We observed that the set-up time for an alternative path achieved by Algorithm 1 was either equal to or slightly higher than the time required to install the path before a failure, that is, BF. This was due to the fact that in Algorithm 1, alternative paths had either equal or longer length than primary paths. In addition, the path set-up latencies were affected by the network topology size. Paths in large topologies took longer to be establish than those in small topologies. This was because the flow entry set-up latencies were higher in large networks than in small ones [44].

On the other hand, the performance of the proposed algorithms improved when the length of the paths increased.
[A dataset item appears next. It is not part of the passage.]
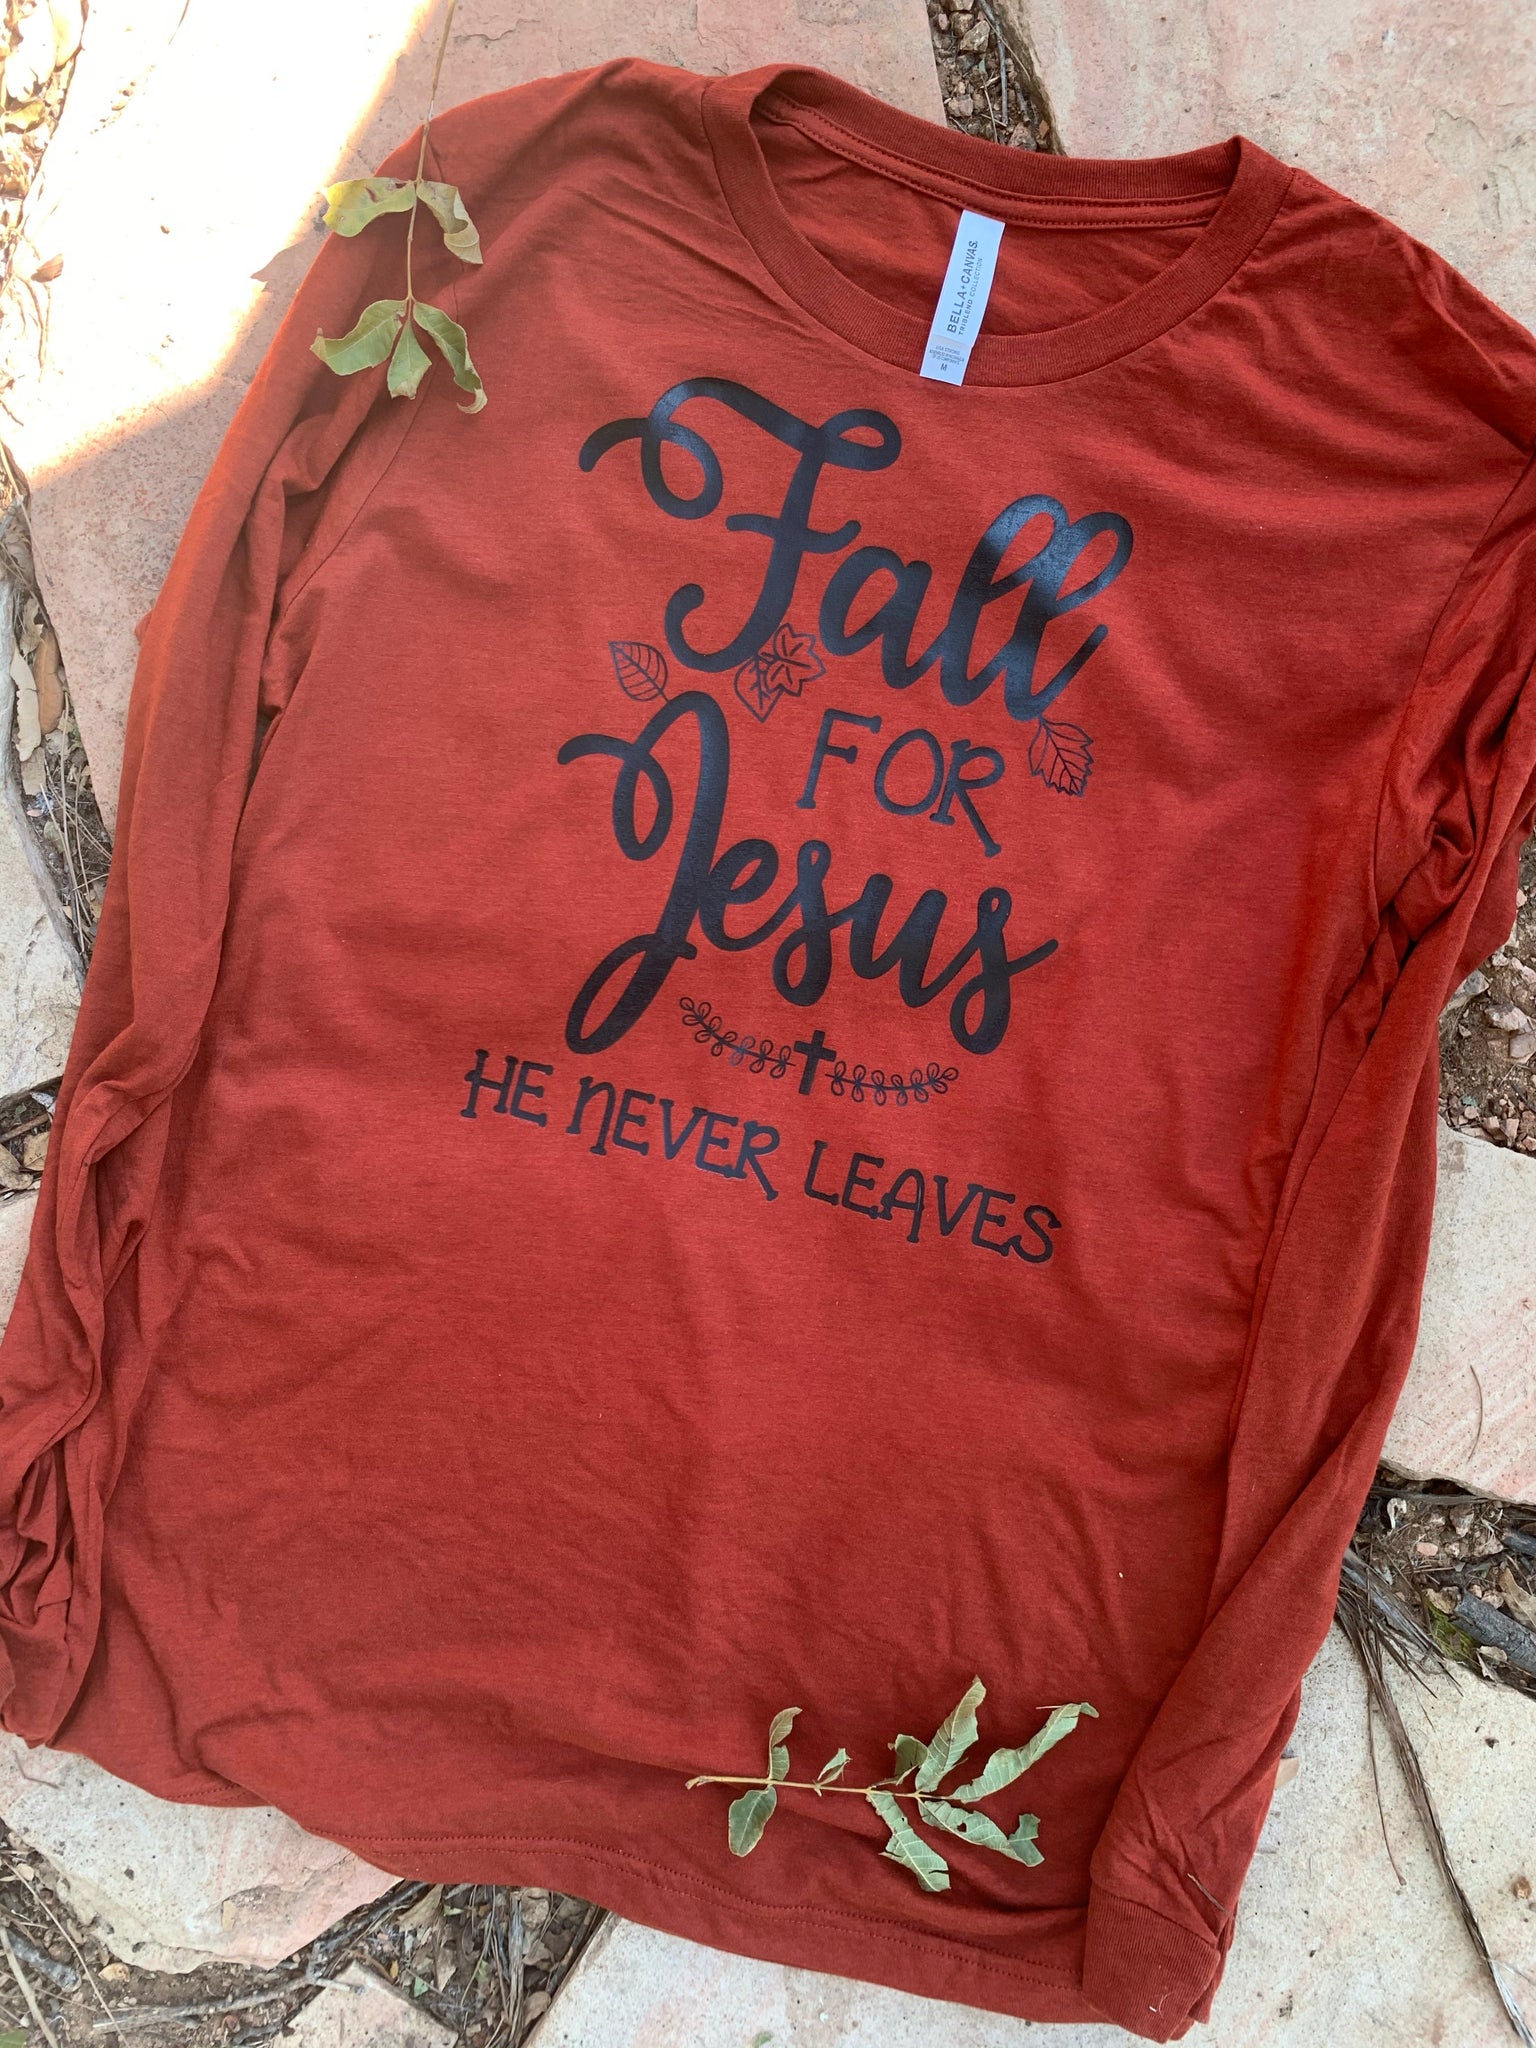 Fall on Jesus

In terms of the set-up time, Table 5 presents the relative difference in the performance of Algorithms 2–4 in comparison to Algorithm 1. The relative difference is the percentage of increase or decrease in set-up time between the proposed approaches and Algorithm 1. The downwards arrow next to the percentage values of Table 5 indicates the decrease in set-up time while the upwards arrow indicates the increase. When the percentage path length was 20–30% the proposed algorithms mostly produced a slight increase in the time required to install alternative paths. In fact, the increase was less than 10% in most cases and 27% in the worst case. In contrast, the proposed approaches reduced the required time to install the alternative paths when the path length ranged from 40% to 100%. The reduction ratio was up to 70% for long paths and up to 40% for medium length ones. The reduction rate of Algorithms 2 and 3 was relatively better than that of Algorithm 4. This was due to the fact that in Algorithm 4, only half of the path’s flow entries needed to be replaced. Finally, this latency measurement demonstrated the ability of the proposed approaches to reduce alternative paths’ set-up times, particularly, for long and medium length paths.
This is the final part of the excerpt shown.